Whew. Also, Bailouts and the Neoliberal Dilemma

So, it turns out being in grad school is very busy-making. I have had several medium-length post-ideas come and go this week, but I have too busy with school and school-related socializing to do much else. I think things have calmed down a bit now that I’ve finished a presentation (in my science studies course) and generally started to get things settled. In any event, still too busy for one of my epic posts, so here’s a short version.

There’s been a lot of news of late about financial bailouts – Fannie and Freddie, Lehman Brothers (just announced today), etc. While interesting on their own, these bailouts are particularly interesting in the light of the supposedly neoliberal regime running the show (headed by, as the Daily Show likes to call him, “Still-President Bush”). One of my advisors has a neat, and fairly recent, paper on central banking* and what she calls the “neoliberal dilemma”. Here’s the abstract to get a taste of the paper:

This article explores the implications of the Federal Reserve’s shift to transparency for recent debates about neoliberalism and neoliberal policymaking. I argue that the evolution of US monetary policy represents a specific instance of what I term the “neoliberal dilemma.” In the context of generally deteriorating economic conditions, policymakers are anxious to escape responsibility for economic outcomes, and yet markets require regulation to function in capitalist economies (Polanyi 2001). How policymakers negotiate these contradictory imperatives involves a continual process of institutional innovation in which functions are transferred to markets, but under the close control of the state. Thus, under transparency, Federal Reserve officials discovered innovations in the policy process that enabled “markets to do the Fed’s work for it.” These innovations enlisted market mechanisms, but did not represent a retreat from the state’s active role in managing the economy. [Emphasis added]

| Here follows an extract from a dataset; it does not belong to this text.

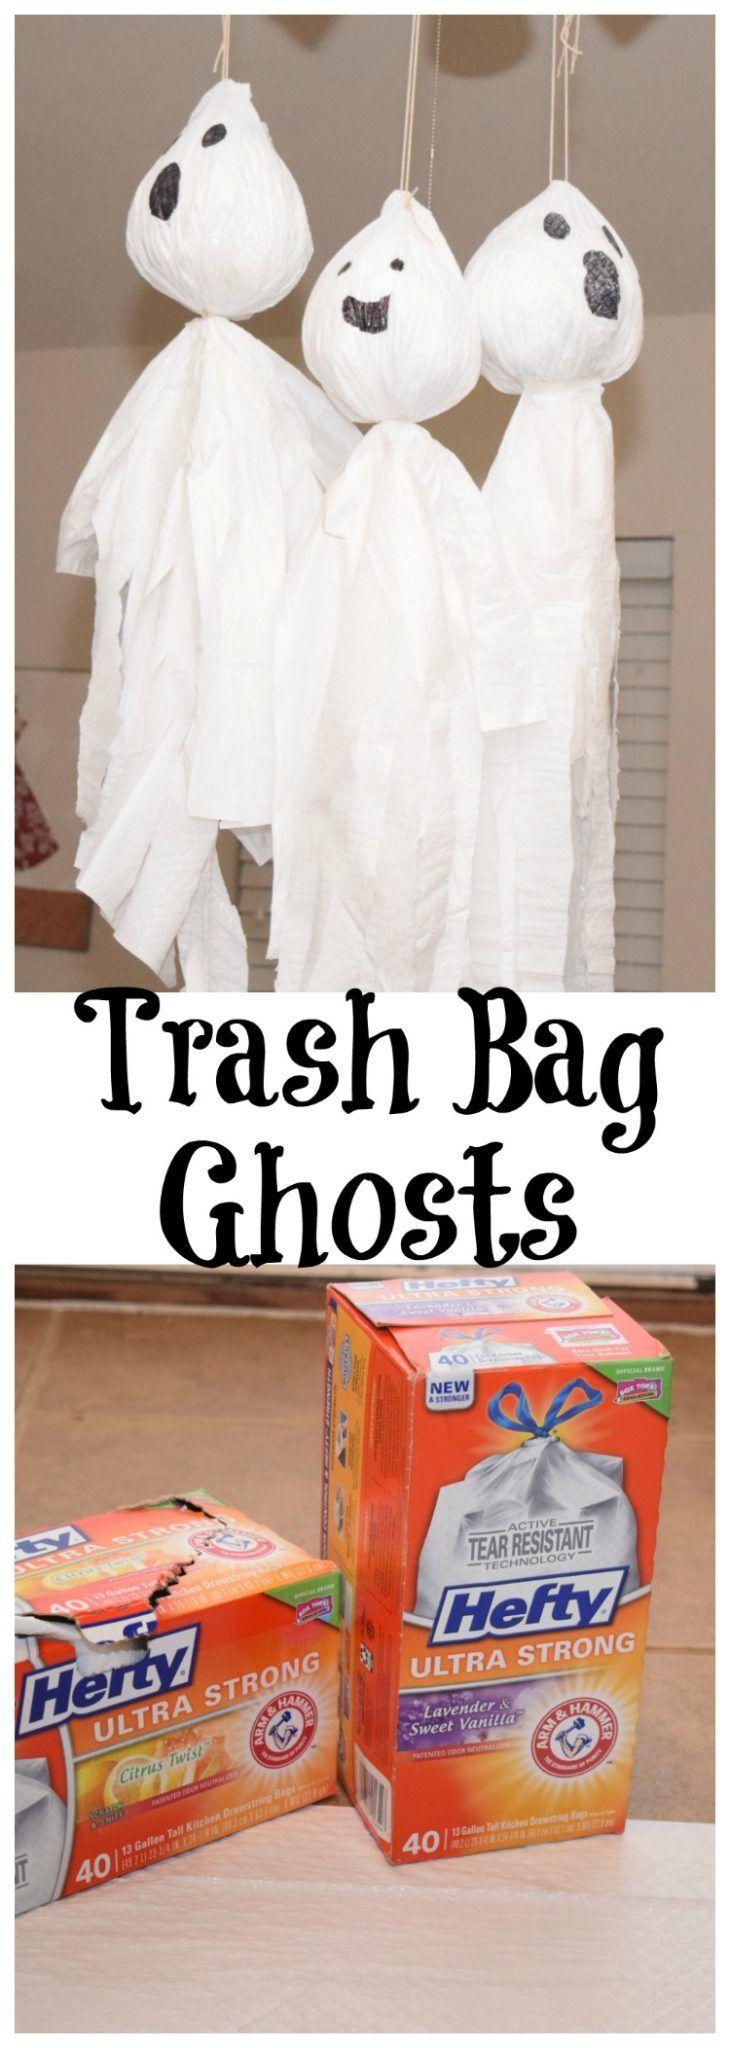 DIY easy Trash Bag Ghosts for Halloween!  $1 off coupon https://ooh.li/cb10253  #AD #HeftyHeftyHefty #HeftyHelper

I think the recent bailouts are an excellent follow-up to this line of thinking, but also demonstrate the limits of the ability of the state to maintain the neoliberal illusion that state, society and market are separate. In the case of Bear Stearns, and presumably soon with Lehman Brothers, the government performed a half-market bailout – letting one company buy another to salvage the system, but providing funds and guarantees to make the buyout possible.

On the other hand, Fannie and Freddie already stretched the plausibility of the neoliberal model, with their implicit state-backed mortgages. Sarah Quinn, of UC Berkeley, had a really interesting presentation at ASA about the history of Fannie and Freddie, and how the federal government managed to create a market for mortgages where previously there was almost none by creating this huge, at the time public institutions. Then, during the Vietnam war, Fannie and Freddie were privatized (in part), to hide some of the war costs (as the government books did not take into account lost revenue from Fannie and Freddie’s profitable mortgage business, but simply marked the whole sale down as profit). Now, 40ish years later, Fannie and Freddie faced failure, and the government had to step back in officially. The tactics Greta discusses in her paper – of, say, the fed declaring it’s going to do something and then the market making it true without the fed having to bother to actually take action – failed here. Paulson asked Congress for the authority to bailout Freddie and Fannie, assuming that simply having that authority would prevent the need to use it. This time, of course, that did not work, and the neoliberal state was forced to intervene very directly in the market it had established and then, as if a jewel thief, carefully wiped its fingerprints from.

* The paper also contains an excellent, brief description of what it is that central banks actually do. I was blown away by how much can be explained in just a few pages, and it made me hopeful for future work I want to do that requires readers to understand Free and Open Source Software (FOSS). If Greta can explain the basics of central banking in 10 pages or less, I should be able to do so for FOSS without problem.